Turut Hadir Pj Gubernur Riau SF Hariyanto (diwakili Kepala Dinas Kesehatan Riau Zulkifli, S.Kep., M.H.), Ketua Yayasan Hang Tuah dr. H. Zainal Abidin, MPH, Rektor UHTP Prof. Ns. Lita, M.Kep., Ph.D., Para pembantu rektor, dekan, ketua jurusan, dosen, pejabat utama Polda Riau, serta ratusan mahasiswa baru
Tanggapan Pimpinan Rektor UHTP Prof. Ns. Lita, M.Kep., Ph.D.:
Kuliah umum ini bagian komitmen UHTP menghadirkan narasumber kompeten untuk memperluas wawasan mahasiswa.
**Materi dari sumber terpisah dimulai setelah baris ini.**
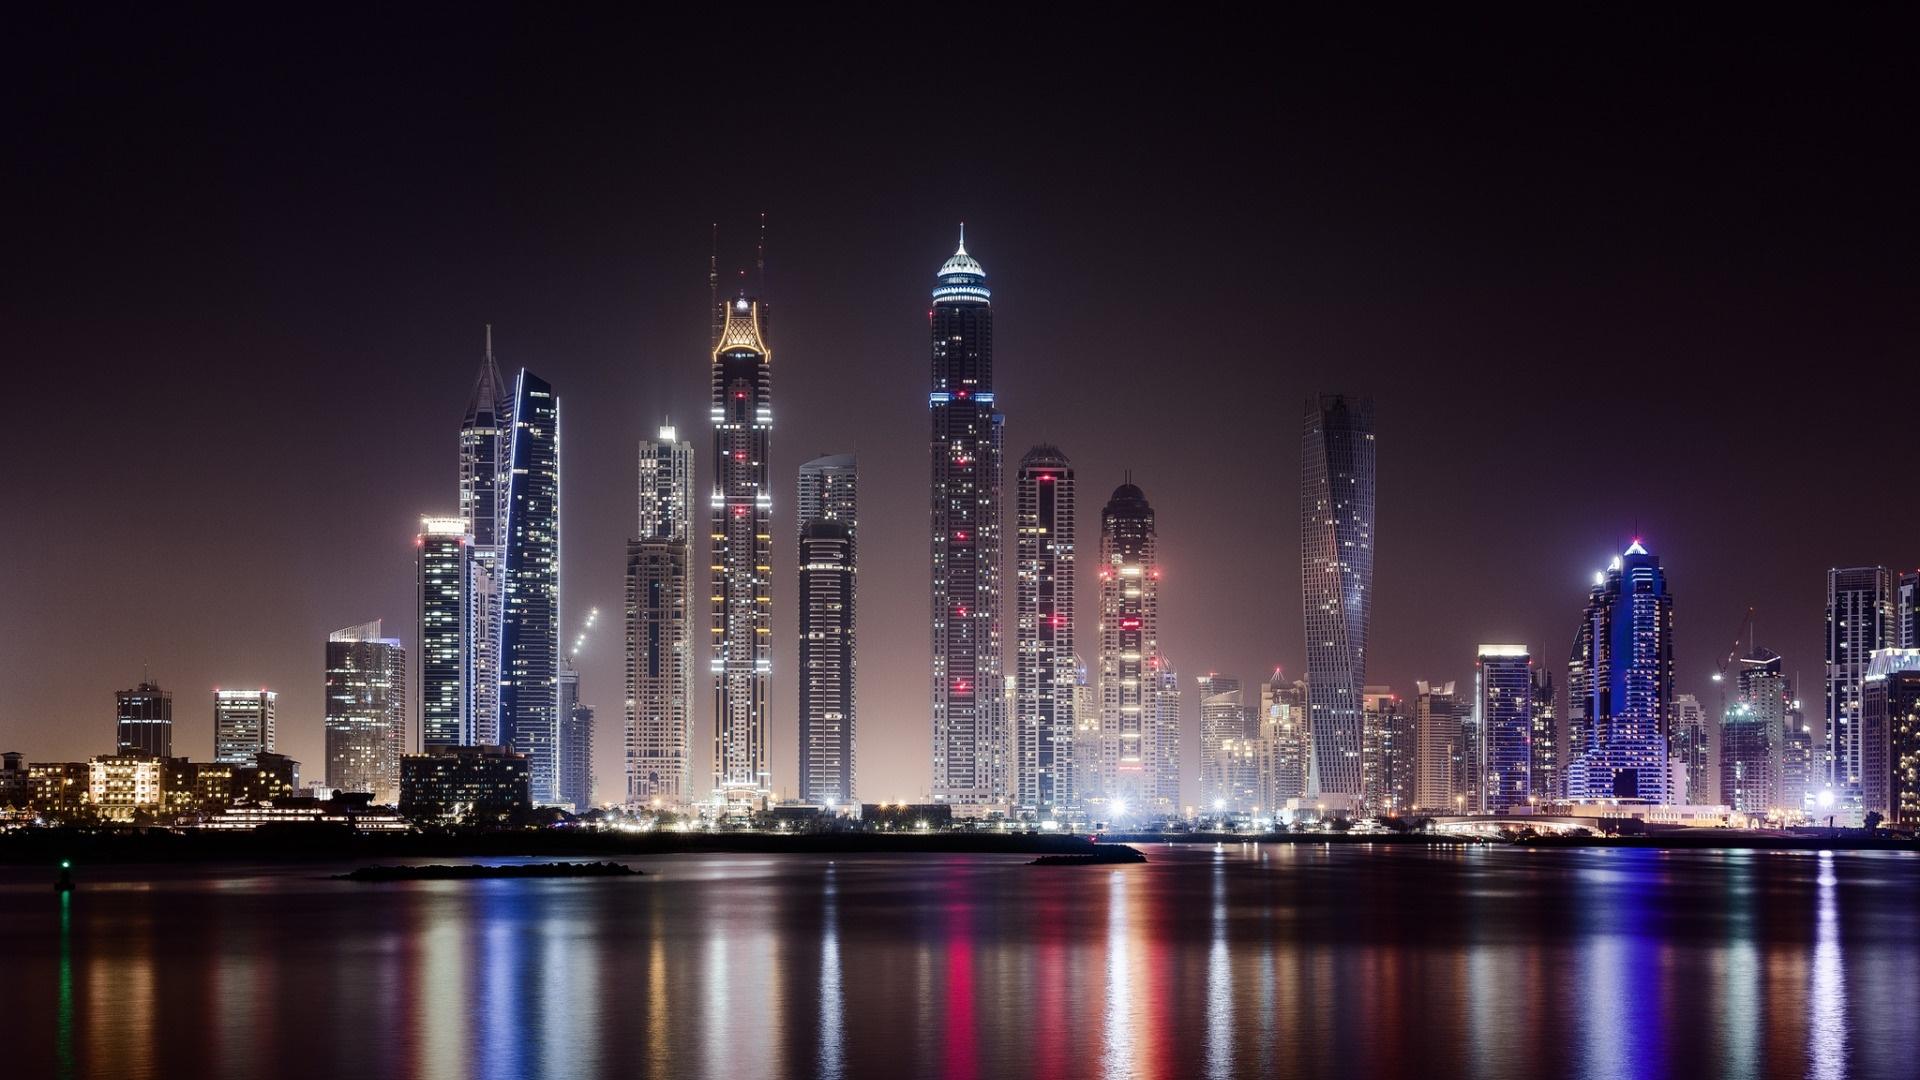 Dubai wallpaper photo

Sinergi antara akademisi, pemerintah, praktisi, dan masyarakat sangat penting agar pendidikan tinggi relevan dengan kebutuhan masa depan.
Dekan Fakultas Ilmu Komunikasi dan Hukum UHTP Ilhamdi, S.H., M.H.:
Kegiatan ini sangat berdampak positif bagi mahasiswa dan dosen, terutama memperkuat pemahaman dan sinergi di bidang hukum, teknologi informasi, dan kesehatan.
Kegiatan ditutup dengan penyerahan sertifikat dan plakat apresiasi kepada ketiga narasumber. Kuliah umum ini bukan sekadar seremoni pembuka tahun akademik, melainkan ruang pertemuan gagasan yang diharapkan melahirkan SDM adaptif, kritis, berintegritas, dan mampu memanfaatkan teknologi serta data untuk dampak nyata bagi masyarakat.